Dot Plot Implies Federal Reserve Is Nowhere Near Done Yet
Policymakers didn’t just revise up their inflation forecasts; they also seem to think that implied real rates may need to go higher than previously expected.
Fed Chair Jerome Powell is being vague about what constitutes “sufficiently restrictive” rates.
Photographer: Sarah Silbiger/Bloomberg
Federal Reserve policymakers decided to forgo any move in their policy rate Wednesday, leaving the target at 5% to 5.25% to allow time to assess the impact of past monetary tightening. But they are still feeling their way around in the dark to identify the level of rates that will bring down high and stubborn inflation, and the Fed’s Summary of Economic Projections suggests they’re not there just yet.
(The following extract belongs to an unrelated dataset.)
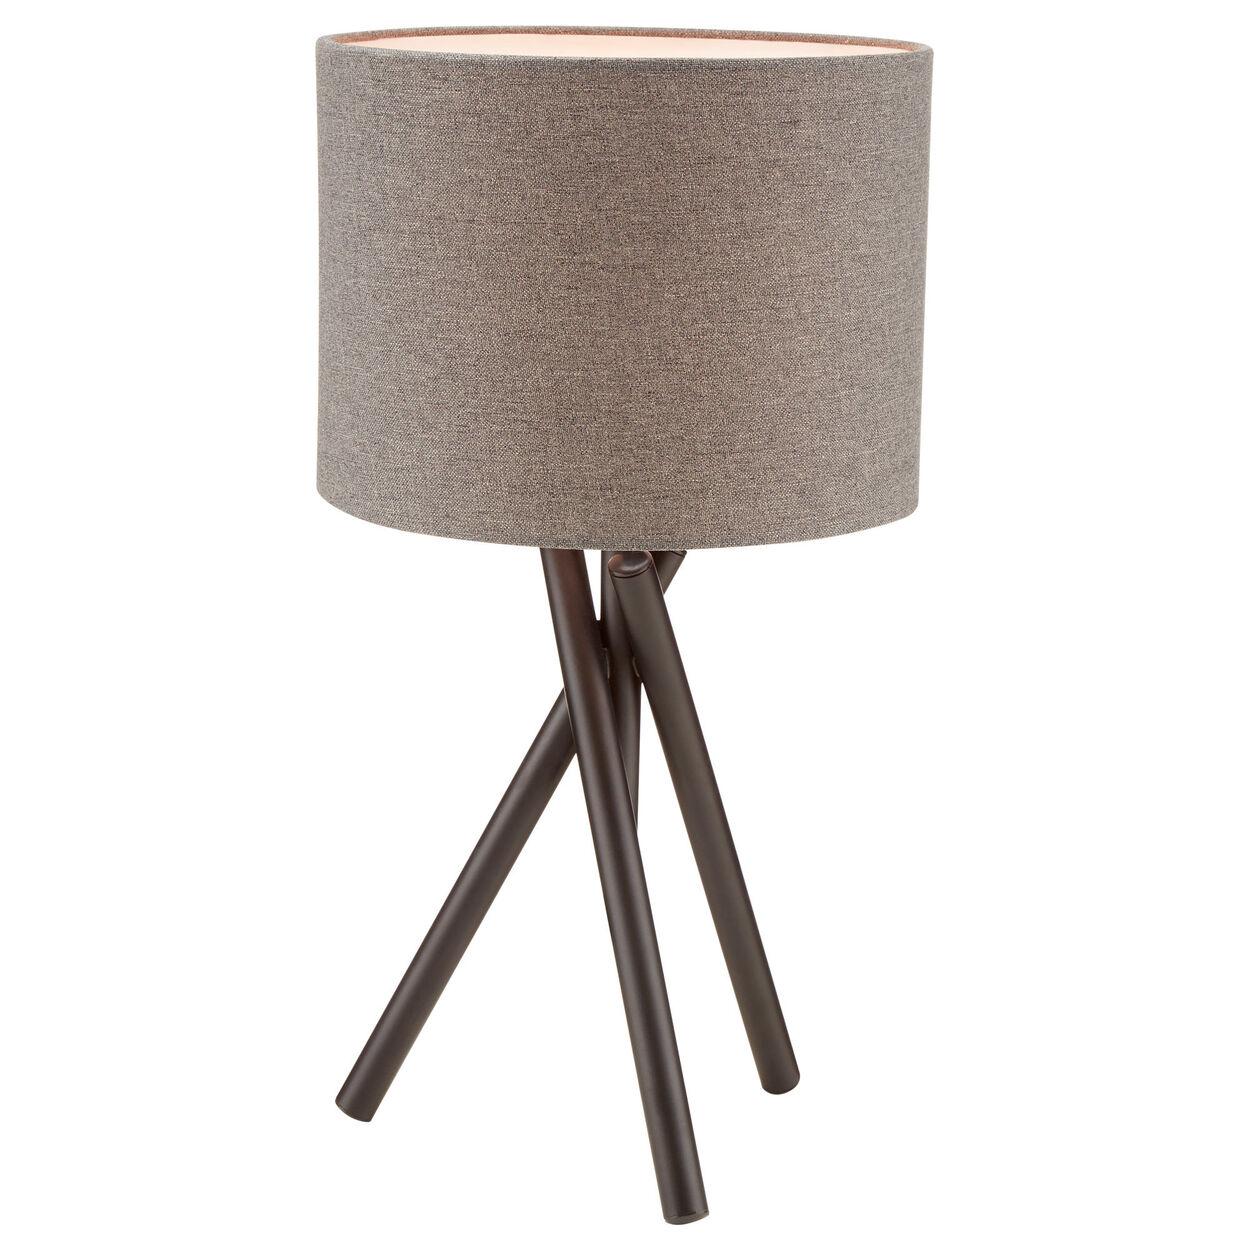 Three-Leg Metal Table Lamp

Notably, the median projection in the so-called SEP — released simultaneously with Wednesday’s rate decision — increased even more for the fed funds rates than it did for projected inflation, implying that the committee sees a need for greater real rates to put sufficient restraint on the economy. A year ago, the Fed thought it could fight inflation by getting policy rates about 1.1 percentage points above projected inflation, but committee members have clearly started to reconsider that. Now, the typical policymaker seems to think that “real rates” will need to be as much as 2 percentage points above inflation in 2024.